The safety and efficacy of multiple consecutive cryo lesions in canine pulmonary veins-left atrial junction

Boaz Avitall, Daniel Lafontaine, Grzegorz Rozmus, Naveed Ahamad Adoni, Khoi M. Le, Abdelkader Dehnee, Arvydas Urbonas

Research output: Contribution to journalArticle

Abstract

Objective. The purpose of the study is to evaluate the safety and efficacy of multiple cryo lesions in canine pulmonary veins-left atrial junction. Background. The use of radiofrequency to achieve electrical isolation of the pulmonary veins (PVs) has been associated with PV stenosis. No information is currently available concerning the safety and the electrophysiological effects of multiple and consecutive cryo applications at the PV-left atrial junction. Methods. Liquid N2O was delivered into semi-compliant 15 to 22-mm-diameter balloons. In 13 dogs weighing 34 ± 2 kg, one to four consecutive cryo lesions were randomly applied to each PV for 3 minutes in 6-minute intervals.
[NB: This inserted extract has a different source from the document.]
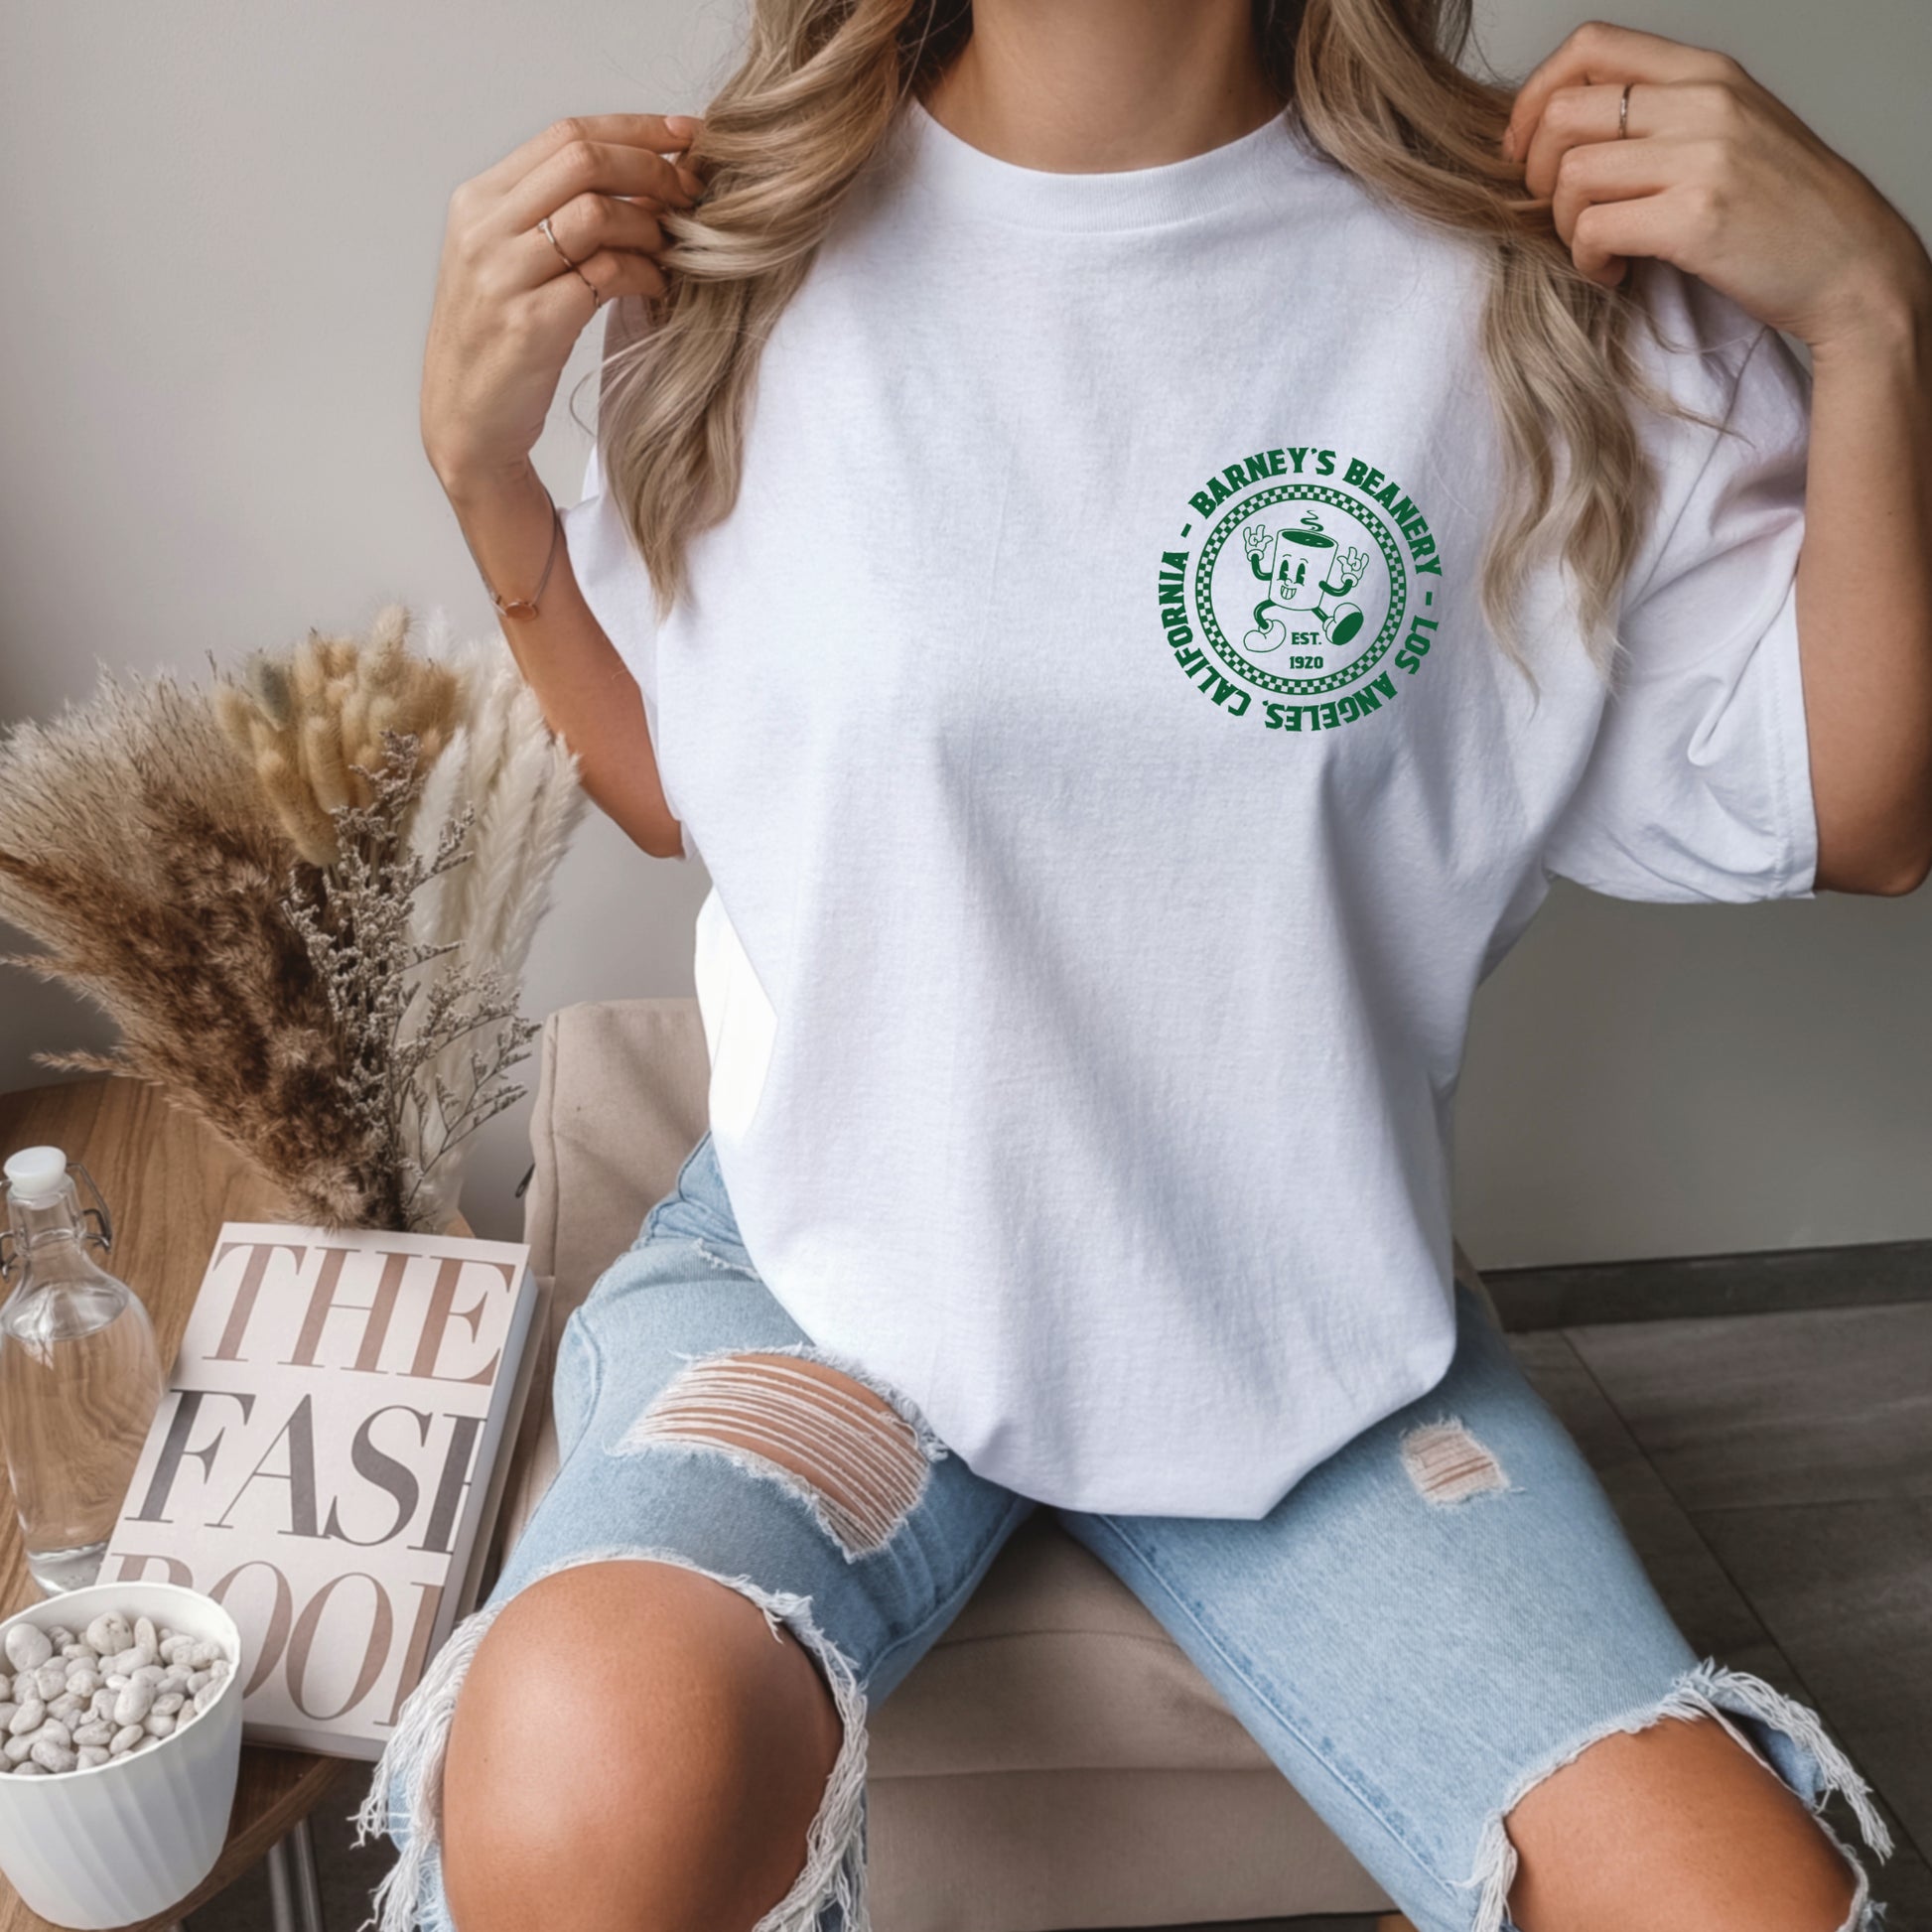 Eat More Chili. Drink More Beer. | BARNEY'S BEANERY - Women's Retro Graphic Tee | White Comfort Colors 1717 T-Shirt - Green Badge Graphic On Front View Of Female Lifestyle Image
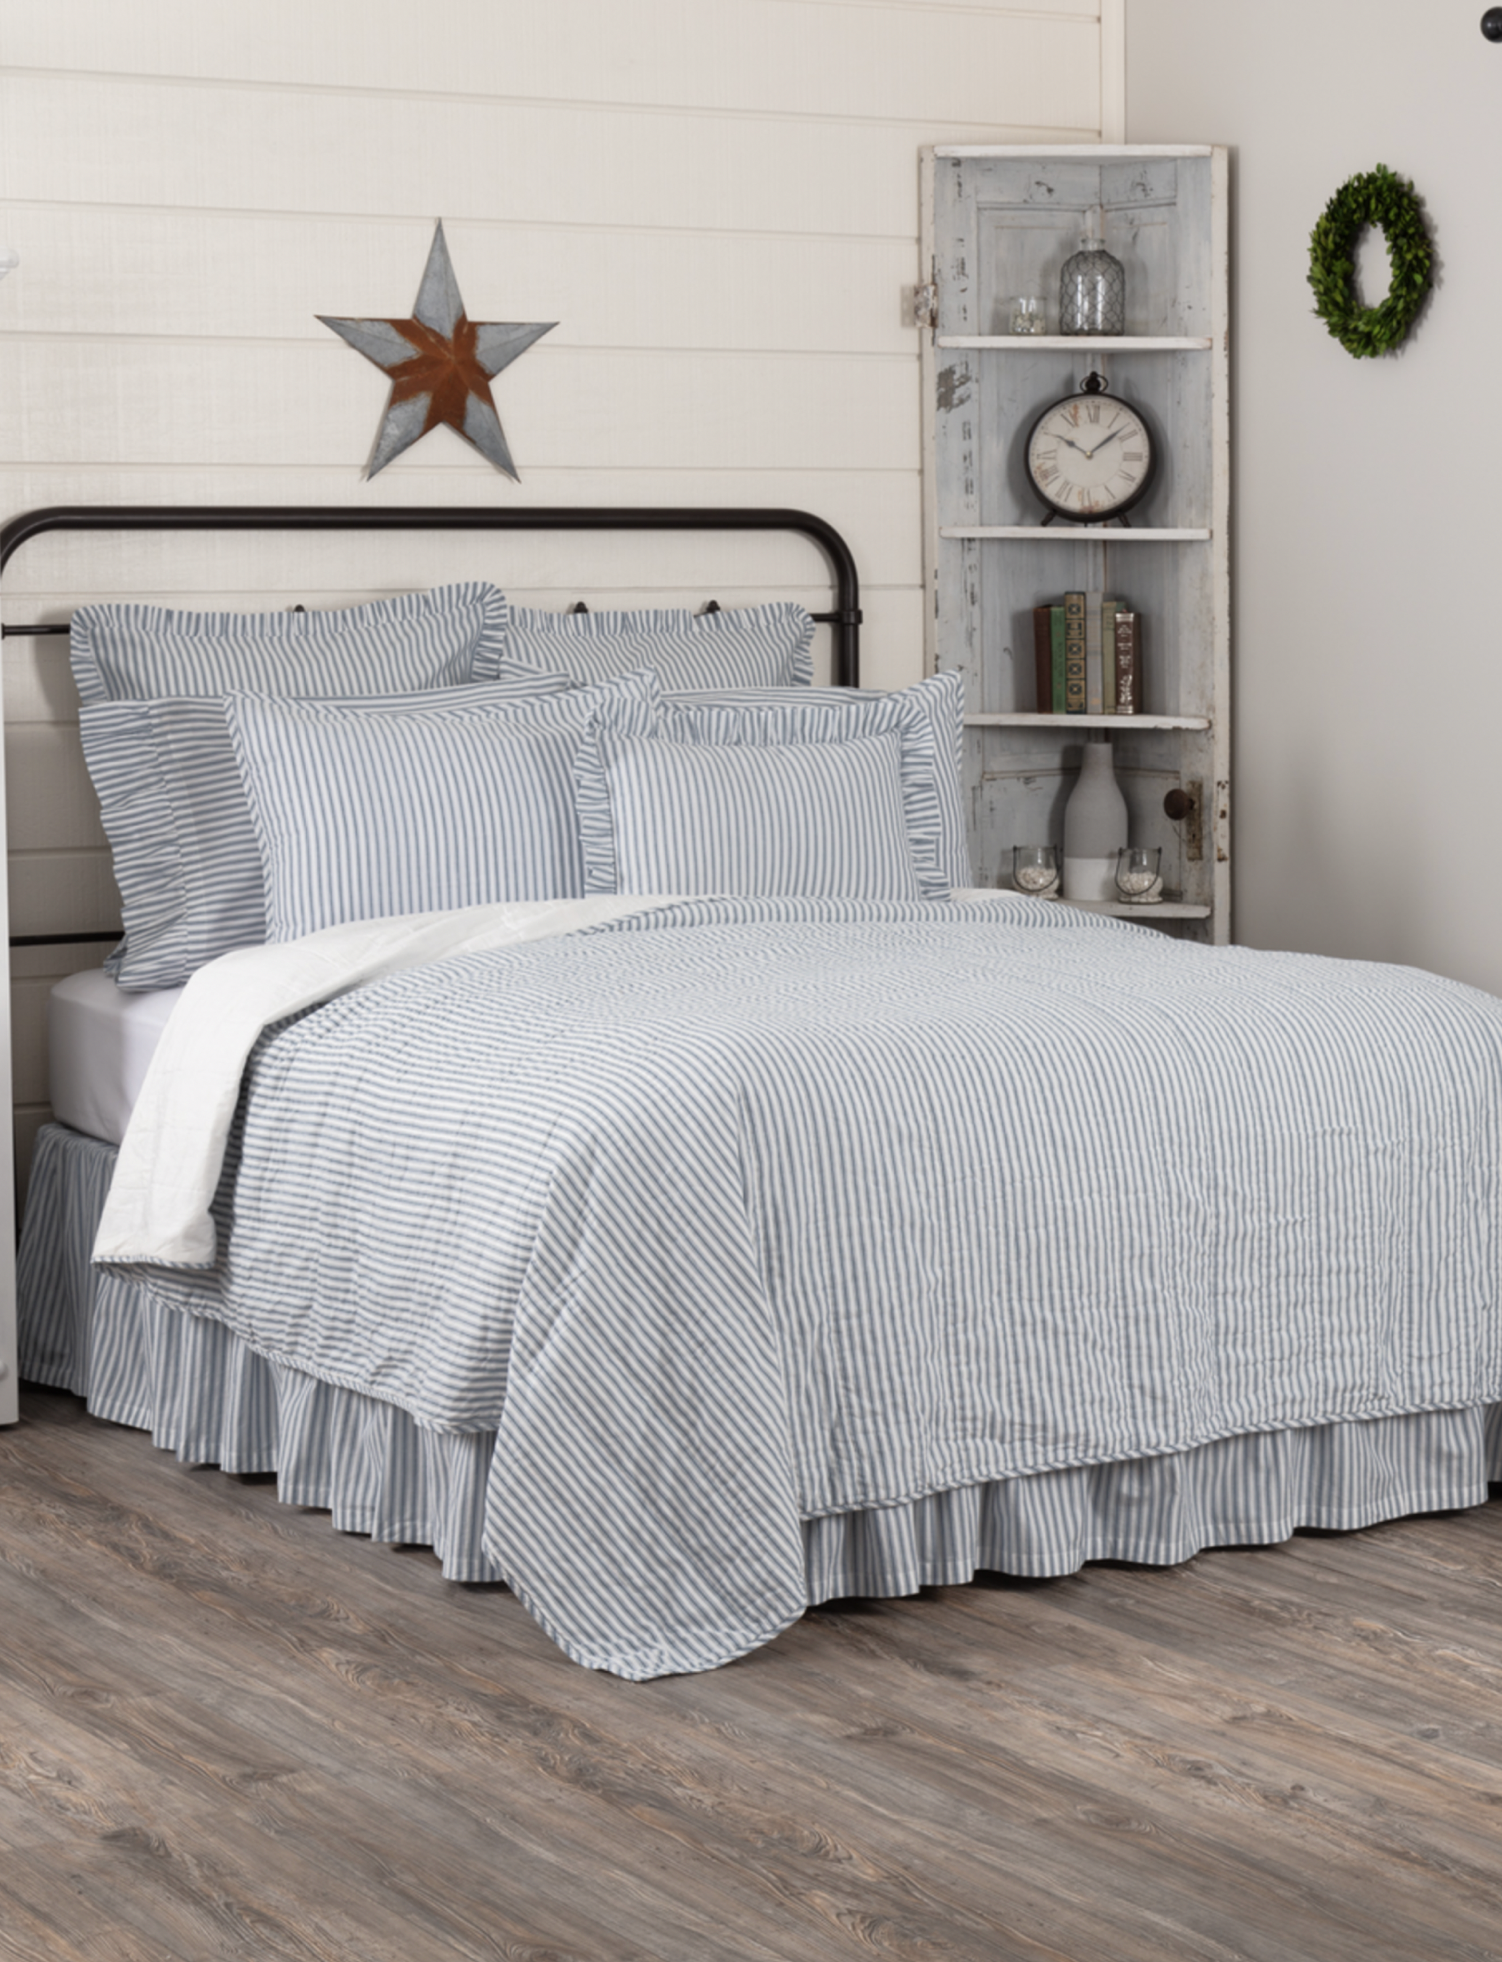 SAWYER MILL King Bed Skirt Farmhouse Country Charcoal Gray/Creme Stripe VHC

The pre- and post-PV sizes were recorded by angiography. Electrogram activity and pacing thresholds were recorded before and after cryo. PV patency and the PV-atrial tissue characteristics were evaluated grossly and histologically. Results. Pacing capture was not possible with 10 mA postablation in 26/46 (57%) electrodes, and in 20 (43%) electrodes pacing threshold increased from 1.6 ± 1.7 mA to 7.8 ± 3.2 mA. The total elimination of recorded electrograms was noted in 22%, 29%, and 18% following 1, 2, and 3 cryo lesions respectively. After 4 lesions this value increased to 53%. No significant changes in PV diameter were recorded in any of the veins pre vs the terminal study. The PVs and PV-atrial interface tissue were soft, compliant, and without collagen or cartilaginous tissue. There was no hemoptysis in any of the dogs. Conclusion. In this study, cryo balloon technology is effective and safe regardless of the number of lesions applied and the freezing temperatures achieved. Four consecutive cryo applications result in a significant increase in pacing threshold and a decrease in activity of local atrial electrograms.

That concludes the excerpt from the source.